Ten key truths

In the spirit of "ten unavoidable security truths", and numerous other top-ten lists, here’s a list of ten key truths that apply to public / private key pairs:

  1. Your private key has to be private to you. It cannot be created by anyone else.
  2. Anyone who has your private key is you, for the purposes to which that key is applied.
  3. If you have a private key that was generated by your employer, then that key identifies you as a part of the employer. It cannot be used to uniquely identify you, because the key was generated under your employer’s control.
  4. Keys associated with expired or revoked certificates are not always useless – you can use them to decrypt a file that they encrypted a long time ago; you can also verify the time-stamped signature of a document, if the certificate was valid at the time of the signature.
  5. A key is a number – it cannot expire, it is the associated certificate that expires. Similarly, the certificate, not the key, is what is revoked after exposure.
  6. A key is not a certificate. A certificate is a statement (usually of ownership) about a key pair, and contains the public key.
  7. Too short of a key is no key at all, and an exposed private key is no key at all.
  8. Protecting a password or key by encrypting it may do nothing more than extend the problem by a level – now you have to protect the key used to encrypt the password / key.
  9. Revocation of a certificate applies only to trusting parties who actually bother to check for revocation.
  10. A key derived from a password has the same strength as the password, no matter how long the key.

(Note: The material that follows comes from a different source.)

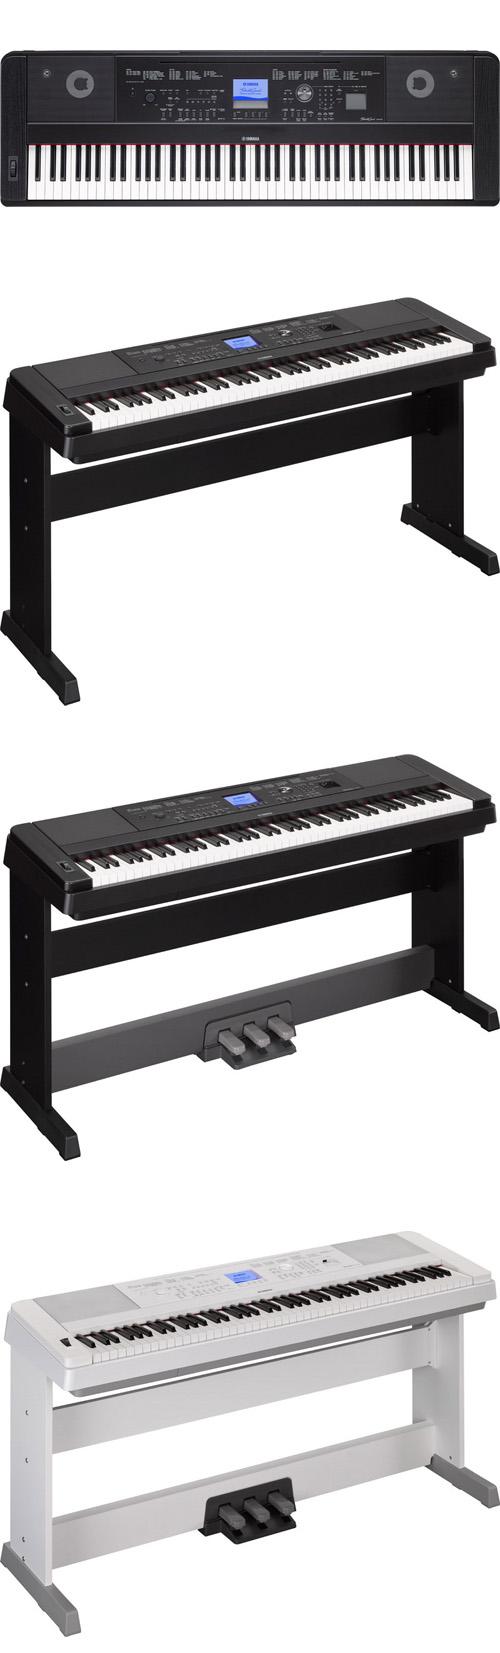 Ofertas en pianos digitales yamaha rinc n musical for Yamaha dgx 660 manual

Note that this list describes what happens when cryptography is working perfectly. There are other key facts that apply to broken cryptography and broken process:

  1. You cannot increase entropy by repeating bits, or by padding with constant or predictable values.
  2. If someone creates a private key for you, they can become you using that key.
  3. Protecting anything by using a password or key to feed a yes/no gate requires the attacker to only fool the yes/no gate. Encrypted USB drive manufacturers found this out recently to their embarrassment.
  4. Inventing your own crypto – or the processes around it – is always a bad idea. Research others’ ideas and use them, particularly published standards.
  5. Even the longest strongest key in the world can be defeated by a big enough bribe to the key-holder.
    1. If the price of a card number on the black market is $1, then access to a million card numbers is equivalent to a million dollars. Who do you pay well enough that they can ignore that value?
  6. A key or password that is never updated as it passes through many hands is vulnerable to abuse by each of those hands.
  7. Broken cryptographic algorithms cannot be made better by increasing the length of the key or by applying the algorithm more times.
  8. All cryptographic algorithms become broken in time. The trick is to choose one that lasts longer than your need to protect your data.
  9. When you lose the private key through insufficient key management, you have lost the data it protected.
  10. Even a good cryptographic algorithm can be destroyed by a poor key-generation algorithm.

Note that these lists are rather arbitrarily scoped to ten – there may be more important truths I’ve forgotten, or items I’ve included that aren’t really so important.

2 thoughts on “Ten key truths”

  1. A nuance you’re leaving out of the password strength == key strength equation is the work factor involved in testing the password. The whole point of cryptography is to hold off the attacker for long enough that the information loses value. A password that will do this when it can be attacked with 1000 cracks/sec can be substantially weaker than a password that has to hold up to 1M cracks/sec. This is why it is always advisable to use a good KDF and a high spin count. I’m sure you don’t mean to imply that someone should just feed the password in as the key, but someone might take this last item that way, which would be a mistake.

    Another nuance is that there’s a difference between a broken algorithm and what’s currently an acceptable key length – for example a 2048 bit RSA key is just fine, 768 bit, not so much…

  2. You’re right – there’s a number of subtle nuances missed out here. Second list, item 9, for instance, needs to be fleshed out with “and that is a good thing”.
    That should, of course, be a lesson to the reader – any “top ten list” or check-list is only a guide. There’s more to security in particular, or life in general, than simply applying by rote a sequence of actions.
    Knowing the rules, and understanding their cause, is essential to knowing when the rules should be broken, and how to do so most effectively.
    One of my favourite “when to break the rules” is “when you should say ‘these keys don’t need to be managed” – there are many cases in which it’s cheaper to re-create the data under protection than it is to maintain key management.